- [Input data]

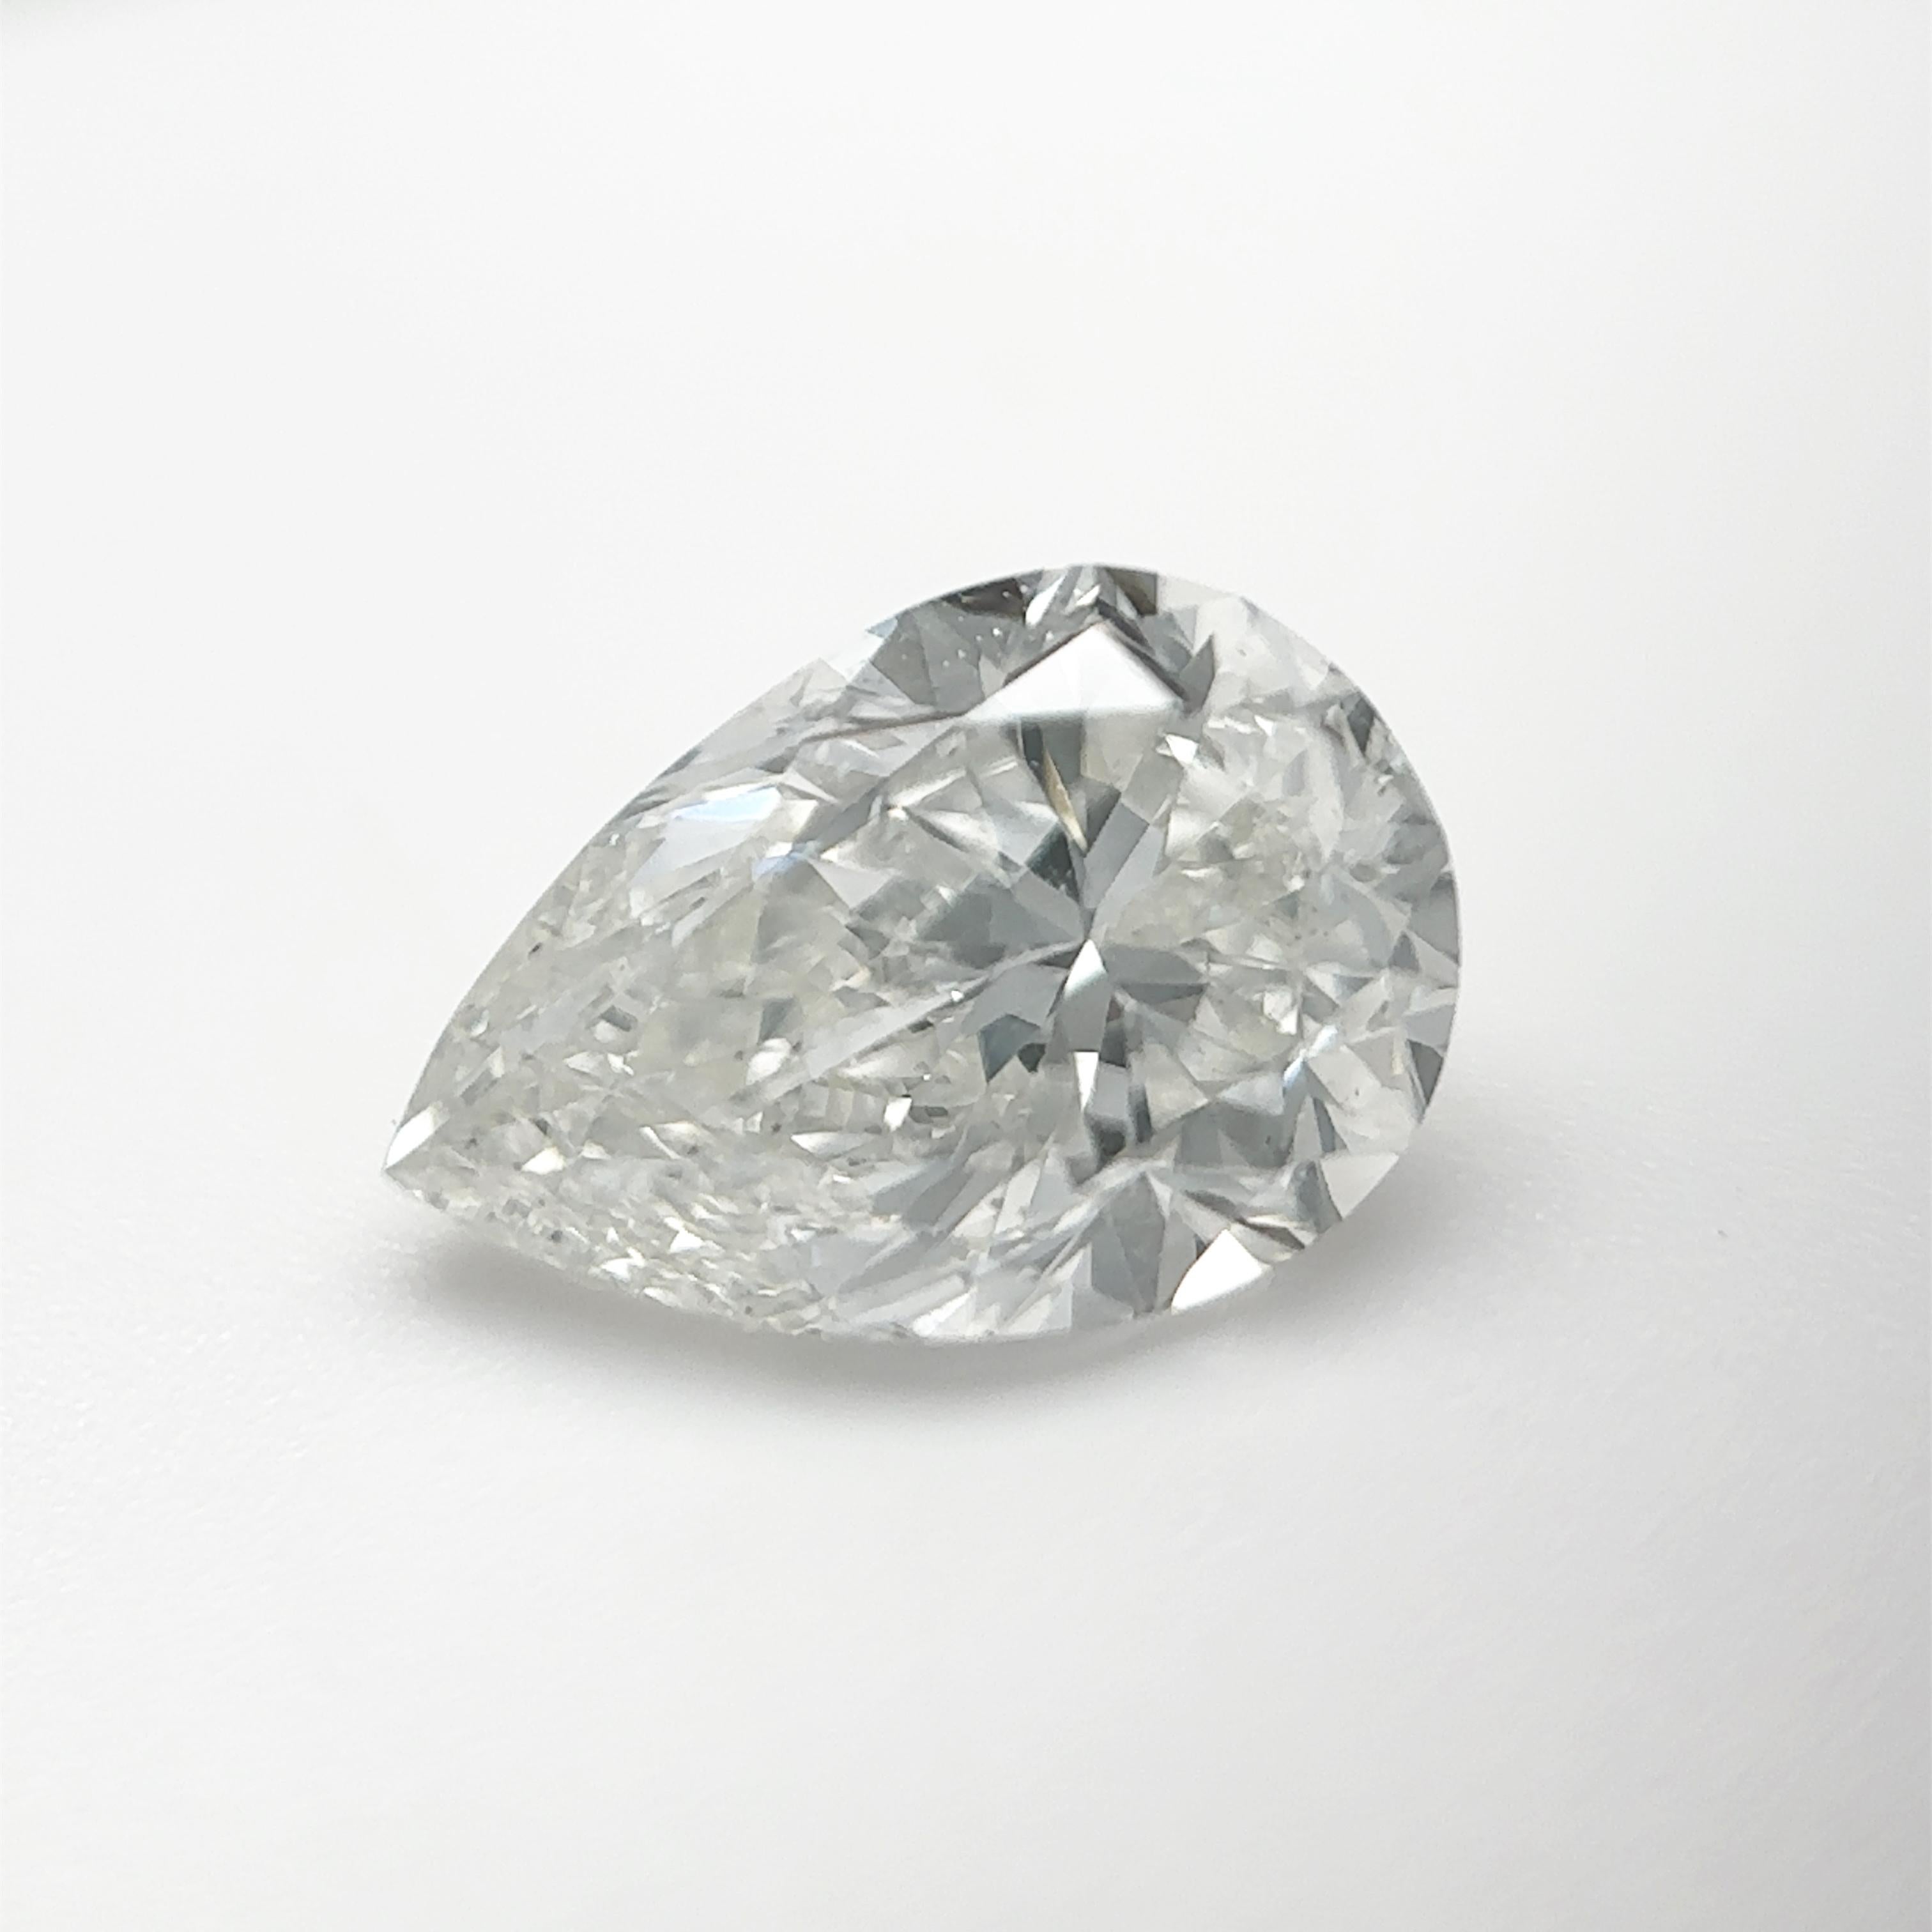 GIA Certified 2.01 Carat Pear Brilliant Natural Diamond Loose stone (Customization Option)

Color: H
Clarity: SI2

Ideal for engagement rings, wedding bands, diamond necklaces and diamond earrings. Get in touch with us to customise your jewellery!

- [What is needed] From the data above, write out everything exactly except the pictures.

- [Result]
 GIA Certified 2.01 Carat Pear Brilliant Natural Diamond Loose stone (Customization Option)

Color: H
Clarity: SI2

Ideal for engagement rings, wedding bands, diamond necklaces and diamond earrings. Get in touch with us to customise your jewellery!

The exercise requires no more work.